In the first months after his victory there were speeches, videos, letters, all appealing to the disillusioned Liberal masses to leap aboard his new political bandwagon. And, by and large, it was successful, as Nick Clegg’s polls went into free-fall and Labour HQ collapsed under the weight of new applications for Labour Party membership.
Then, it seemed like a straightforward, if audacious, political smash-and-grab raid. Get as many Lib Dem votes in the bank before spinning the getaway car around and starting to case Cameron’s joint. But that hasn’t happened. Ed has continued to work the Liberal left flank while studiously ignoring calls to start pitching to discontented Conservatives.
At first I thought this was just tactical: take the easy pickings offered by Clegg’s internal and external unpopularity. I also though it was pretty lazy politics, Ed playing safe and going with the leftward grain of Labour thinking. But it’s clear there’s a broader strategy behind it.
For one thing, despite Labour’s local election boost, the feeling within the Miliband camp is that a Labour majority at the next election remains a very tall order indeed. The cat Peter Hain let out of the bag earlier in the year, when he said, “I think, actually, that it’s going to be very hard for any party to win an outright majority at the next election… But I think we can be the biggest party,” is still purring soundly on the sofa of the Labour leader’s Norman Shaw office.
Then there was the revelation earlier in the month that the business secretary Vince Cable is now in “regular touch” with Miliband. That’s a relatively new, and significant, backchannel, given that in 2010 Miliband was calling for Cable’s sacking over his News International intervention. But a lot of water has flowed under a lot of bridges since.

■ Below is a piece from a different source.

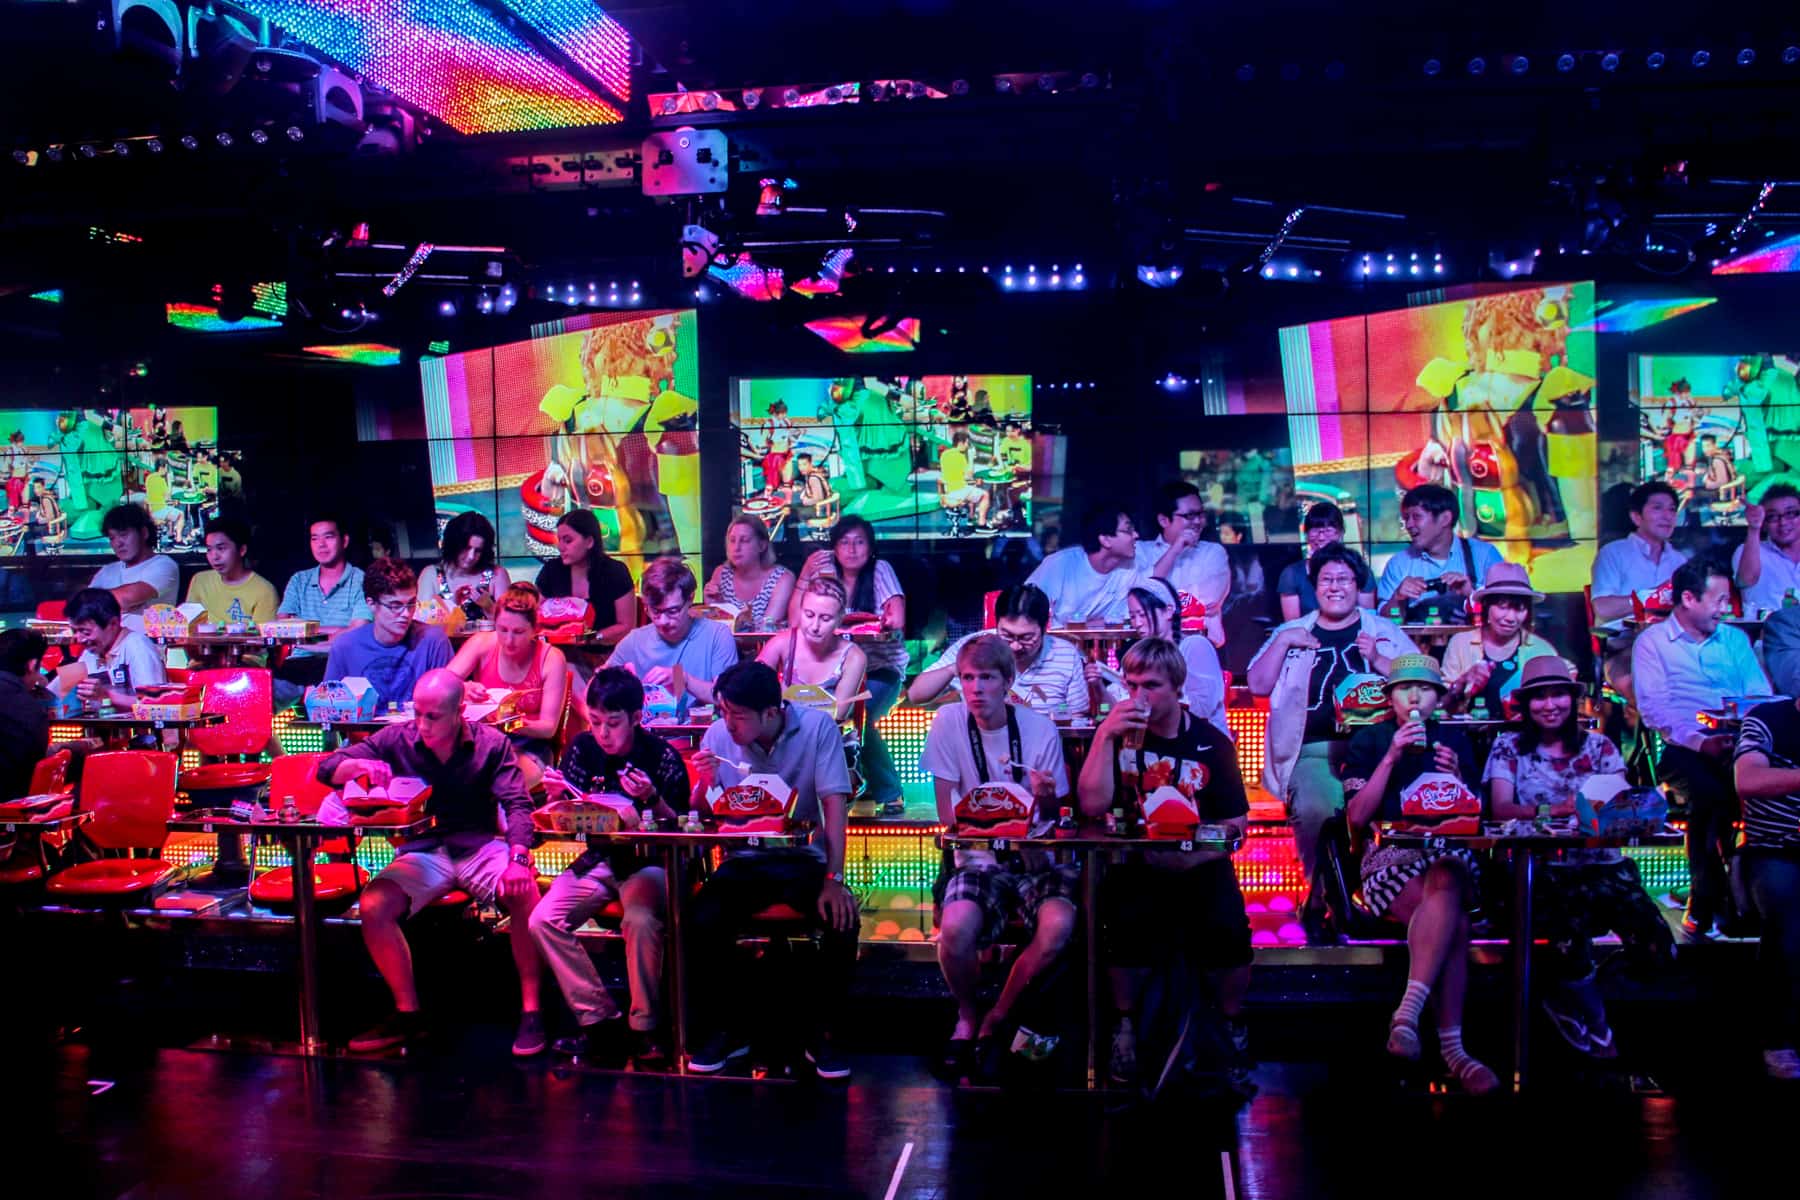 The audience at the Robot Restaurant show in Tokyo, eating from snack boxes to a backdrop of neon lights. 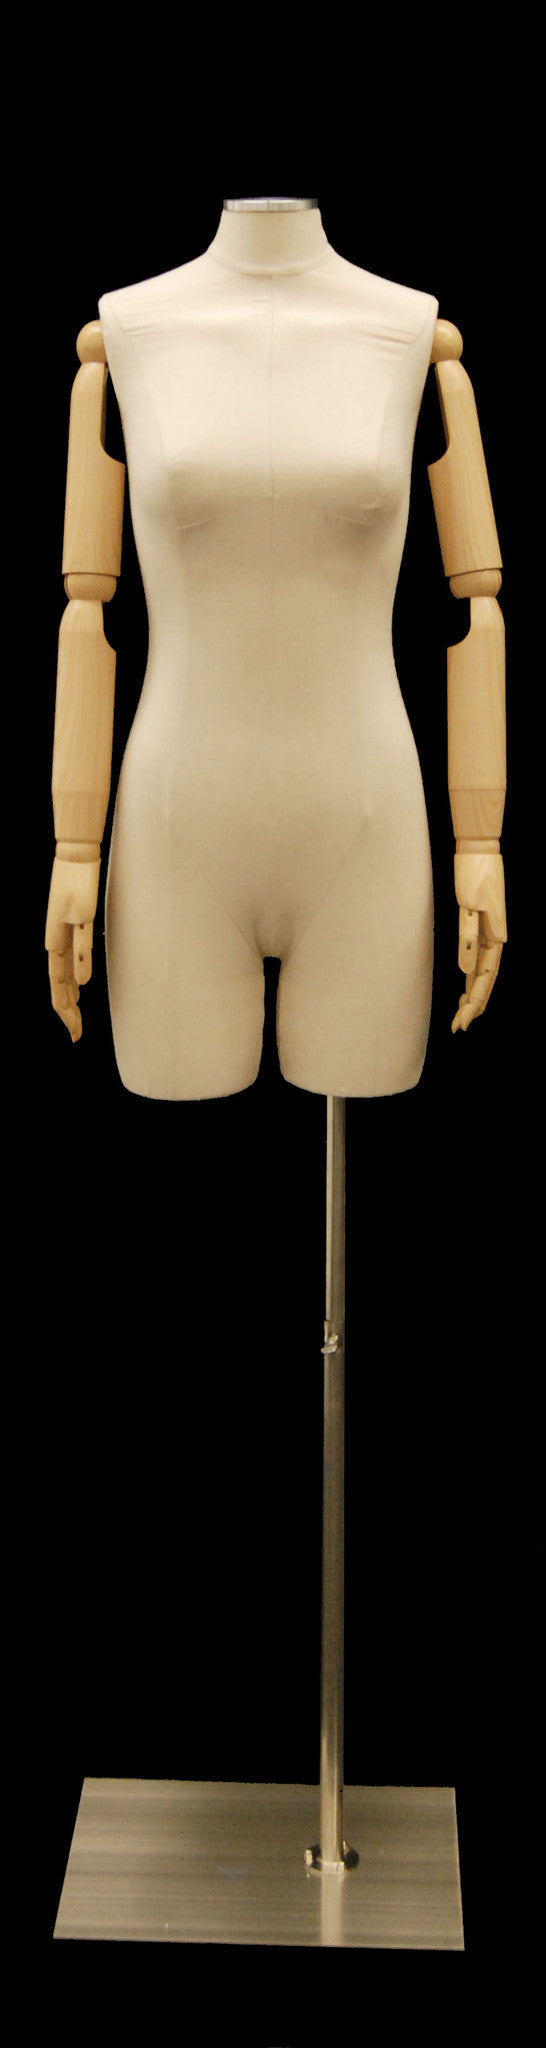 Female Half-Leg Dress Form with Bendable Arms: Natural Linen

Miliband’s game plan is pretty clear. He’s looking to hoover up as many Lib Dem switchers as possible this side of the election, but he’s also giving himself the political space to reach out to them if that election sees him fall short of outright victory. And by doing it in an increasingly public way, he’s also hoping to stir up a bit of bother for Clegg in the meantime.
The problem is that not everyone in Miliband’s party is as enamored with this strategy as he is. A couple of weeks ago Progress published an article from former minister Joan Ryan, warning of “the hidden majority myth”.
“The reason this notion of only targeting former Liberal Democrat voters is so attractive is because it speaks to our political comfort zone,” she argued, “and allows us to indulge in the idea that the reason we lost the last election was because we were not Labour enough.” And Ryan’s is not an isolated voice.
There are also a number of practical policy obstacles. Labour’s relationship with the unions, sacrosanct to many in the party, is anathema to many Lib Dems.
There is also strong anti-European sentiment building up on the Labour left again, which does not sit easily with Lib Dem thinking. And there remain questions over constitutional reform, in particular what price, post the AV debacle, the Lib Dems will seek to exact from any future Lib-Lab coalition.
But coalition talk is on the agenda. And if Ed Miliband, Vince Cable, Chuka Umunna and David Laws were to find themselves on a Tuscan hillside, they’d probably get on like a house on fire.
What Ed Balls and Nick Clegg would make of that cosy gathering is another question. But no longer just an academic one.